18. It is vital that the police are involved in partnership activity at a local level as an effective means of preventing and protecting the public against crime. However, the police should not be expected to fill gaps left by a lack of capacity on the part of other statutory or community organisations. All agencies involved in partnership work should be held accountable for delivery. In replying to this report, the Home Office should provide us with assurance that all local authorities in England and Wales will be held to account for Assessment of Policing and Community Safety indicators.

Home Office expectations of the police

"Hitting the target but missing the point"

19. The Home Office sets out its expectations for police activity through a series of targets in the form of statutory performance indicators. Performance against these targets was measured by Her Majesty's Inspectorate of Constabulary through the Police Performance Assessment Framework between 2004 and 2008, and will henceforth by measured through the Assessment of Policing and Community Safety. Since 1998, the Government has also increasingly used Public Service Agreements published as part of Comprehensive Spending Reviews as a means of setting performance targets for particular areas of activity.

20. We heard evidence that many police officers, irrespective of rank, consider some Home Office targets to be unhelpful, particularly those for 'offences brought to justice' and 'sanction detections', in that they prevent the police from focusing activity where it is most needed. 'Offences brought to justice' are crimes reported to the police that have been resolved by means of a conviction, caution, penalty notice for disorder, offences taken into consideration at court or a formal warning for cannabis possession. In 2005, the police were set a target of contributing towards bringing 1.25 million offences to justice each year by 2007/08.

21. 1,447 million offences were in fact brought to justice in the twelve months to March 2008,[17] but it is argued that the target was met by increasing the number of lower-level offences that were taken through to prosecution, where offenders might previously have been let off. Brian Paddick, a former Assistant Commissioner in the Metropolitan Police who gave evidence in his capacity as Liberal Democrat London mayoral candidate, told us:

    The problem with the Home Office was nationally imposed targets, some of which were having perverse outcomes. For example, in terms of offences brought to justice, I am sure the Committee will realise that it is one point on the score board for a complex case of murder which might take 18 months to investigate and six months to try in court, provided there is a conviction that counts as one offence brought to justice, and a cannabis warning that takes 20 minutes to deal with on the street which counts as exactly the same under current Home Office targets.[18]

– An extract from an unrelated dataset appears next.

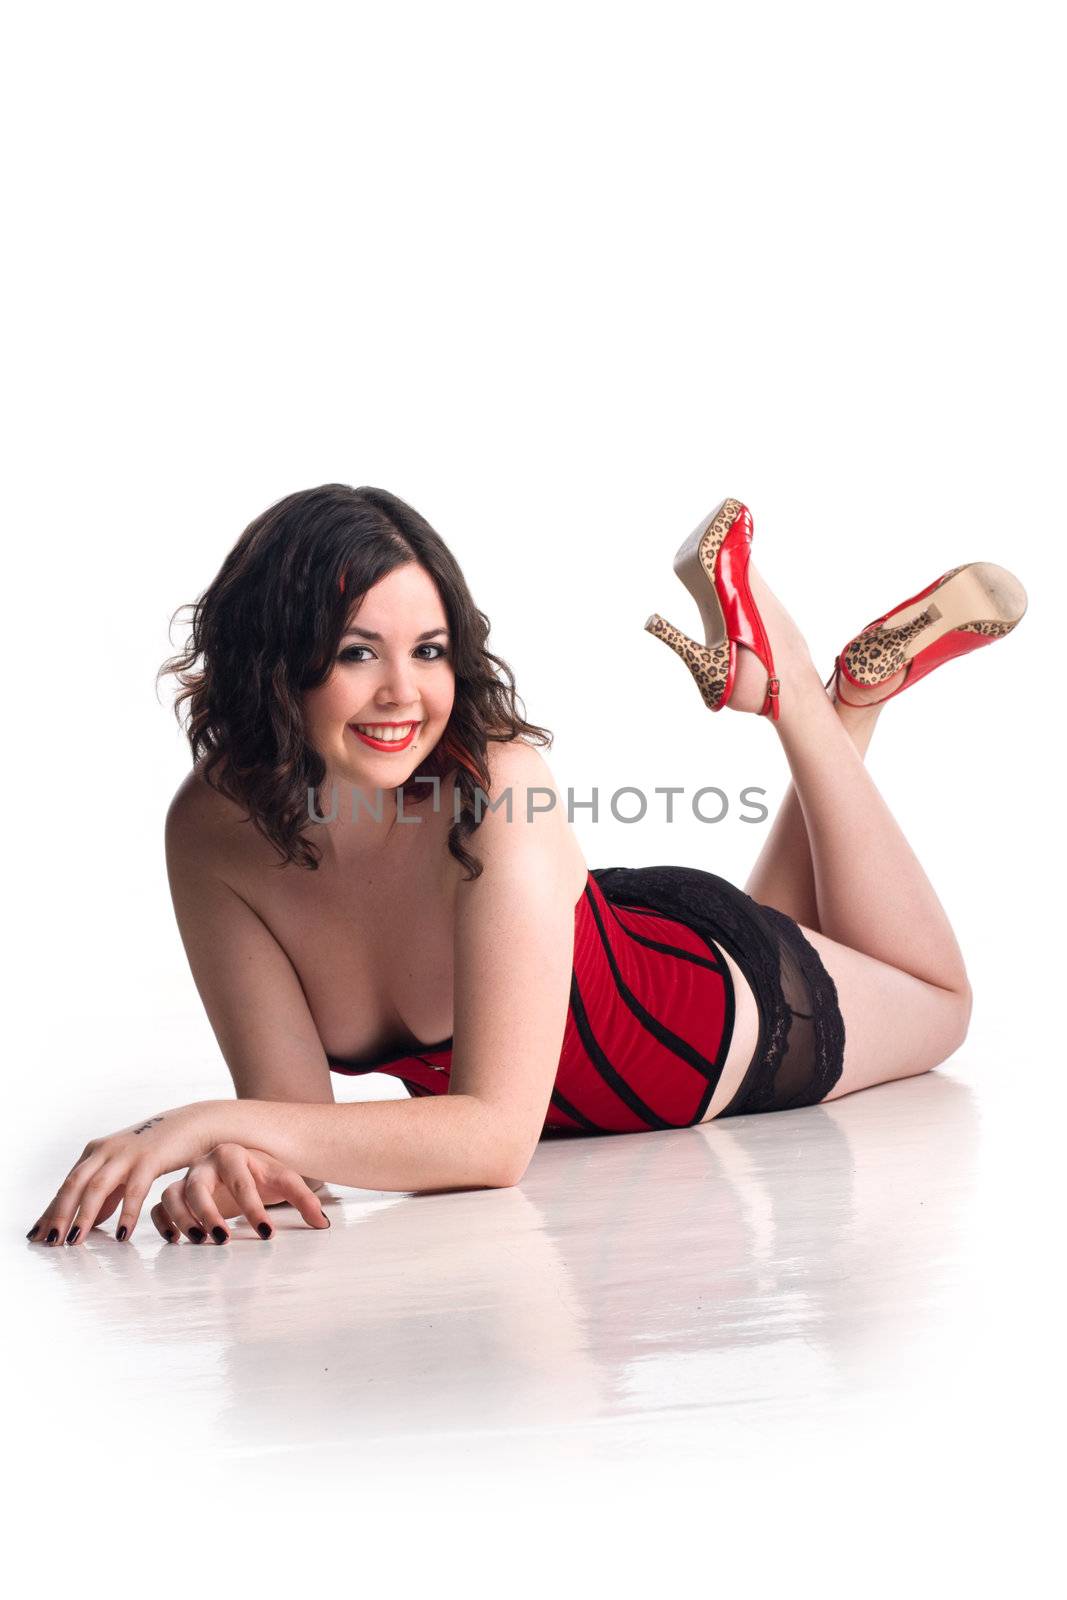 Cute girl in pin-up pose and red corset

7.1% of the 1.447 million 'offences brought to justice' were cannabis warnings.

22. To contribute towards the 'offences brought to justice' target, the Home Office ordered the police to increase their rate of 'sanction detections'—offences that are detected or cleared by charging someone, issuing a penalty notice or giving a caution:

    The Government is clear that to ensure more offenders are brought to justice, the rate and quality of sanction detection must improve. Sanction detection rates in many forces are too low … to provide a level of sanction detections sufficient to meet the offenders brought to justice target, it is estimated that forces will be required to improve their sanction detection rate from its current level of 18.7% to at least 25% nationally by 2008.[19]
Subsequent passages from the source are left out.